A pension is a "defined benefit" plan that the employer provides based on a formula that includes years of service and your earnings history. You can contact your Human Resources department which should be able to provide you with any contact information as well as the formula to be used.
Any pension estimate for a younger worker is really based on a number of assumptions: how long you work at the company, your projected earnings growth, the company's contribution and investment performance.
If you are looking to "cash out" of your pension and receive a lump sum or do some sort of rollover to another qualified account like an IRA, that's not going to happen. In rare instances, an accumulated benefit may be available for "rolling over" but that typically is for a minimum time period at the company and a minimum amount.
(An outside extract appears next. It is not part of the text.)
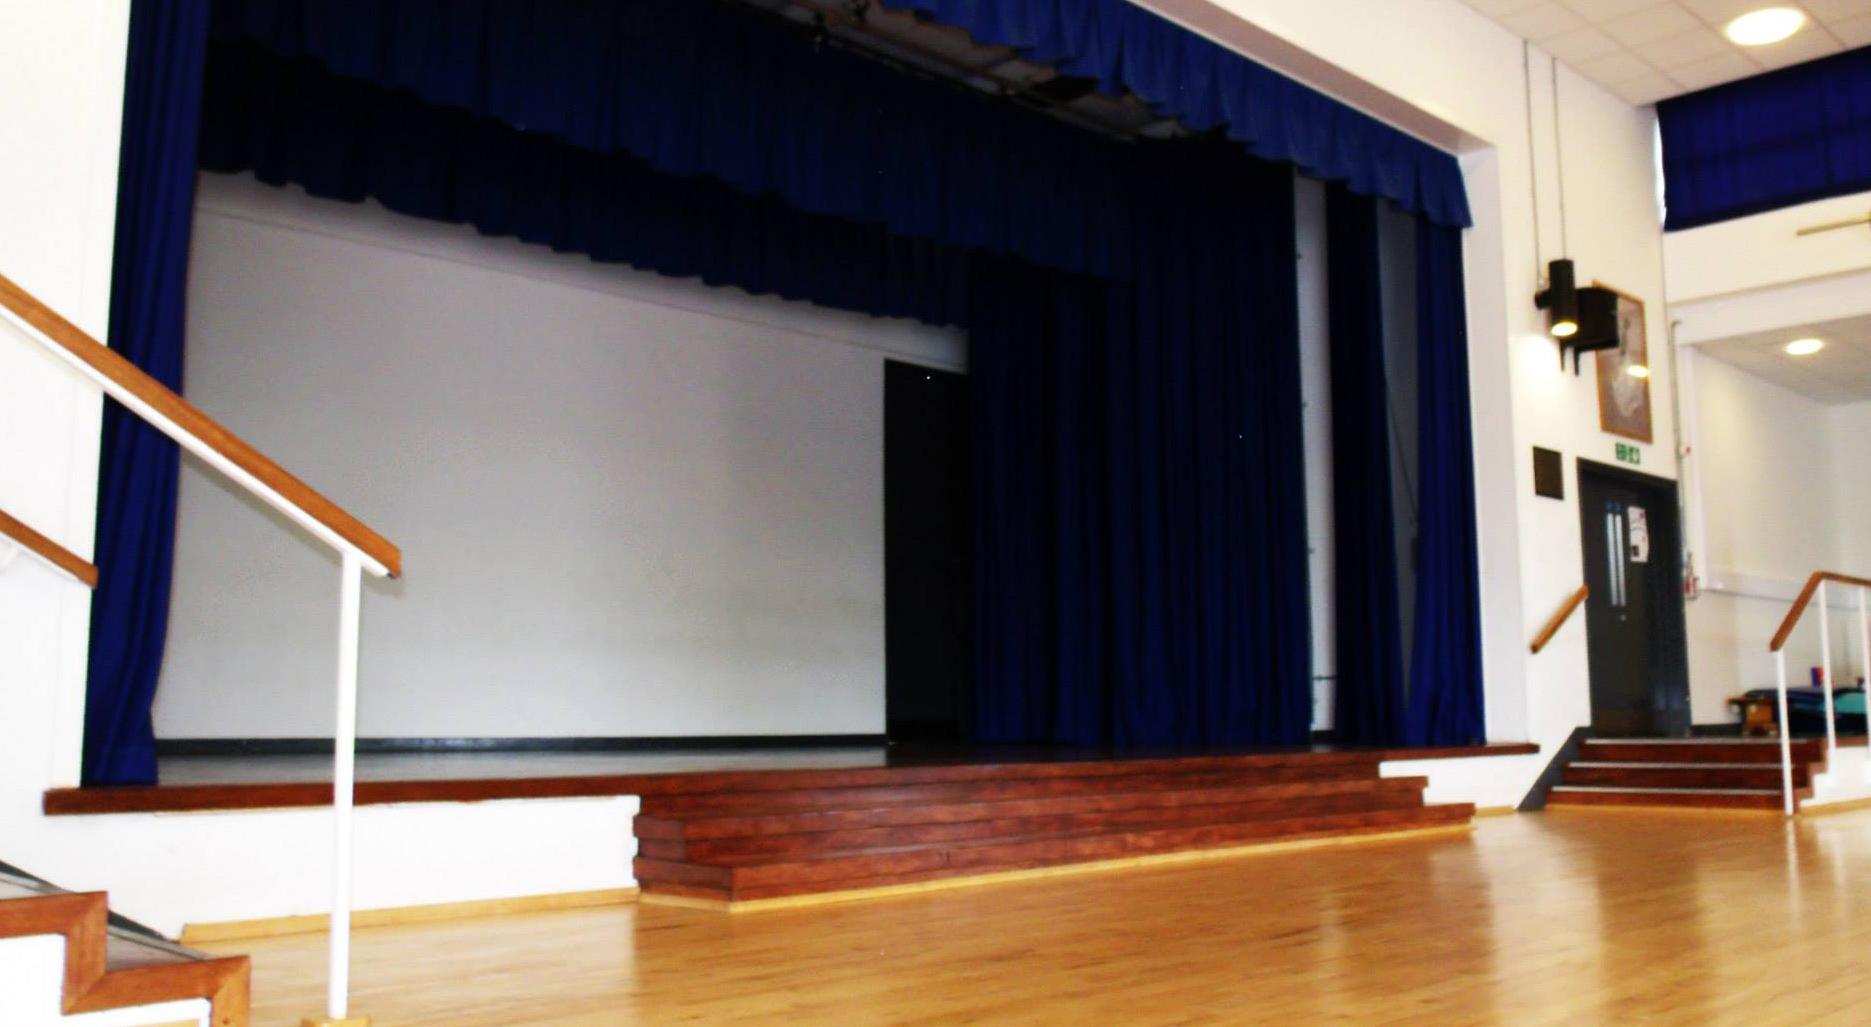 Firman Hall

Yes contact the HR dept. of the employer. But if you have a 'cash balance' defined benefit plan and you have left the company, you can do a direct transfer to an IRA without tax consequences if done properly. If you have a traditional defined benefit plan that provides a monthly benefit, see Steve's response for your options. Also be aware if a traditional plan and you left the company, the monthly benefit estimate provided typically reflects actual dollar amount received at retirement age (typically 65 but check your plan). This amount most likely will not be adjusted for inflation. Again, check the assumptions closely but at your young age, you will need 2.2x that dollar amount at age 65 to have the same purchasing power (assuming a 3% inflation).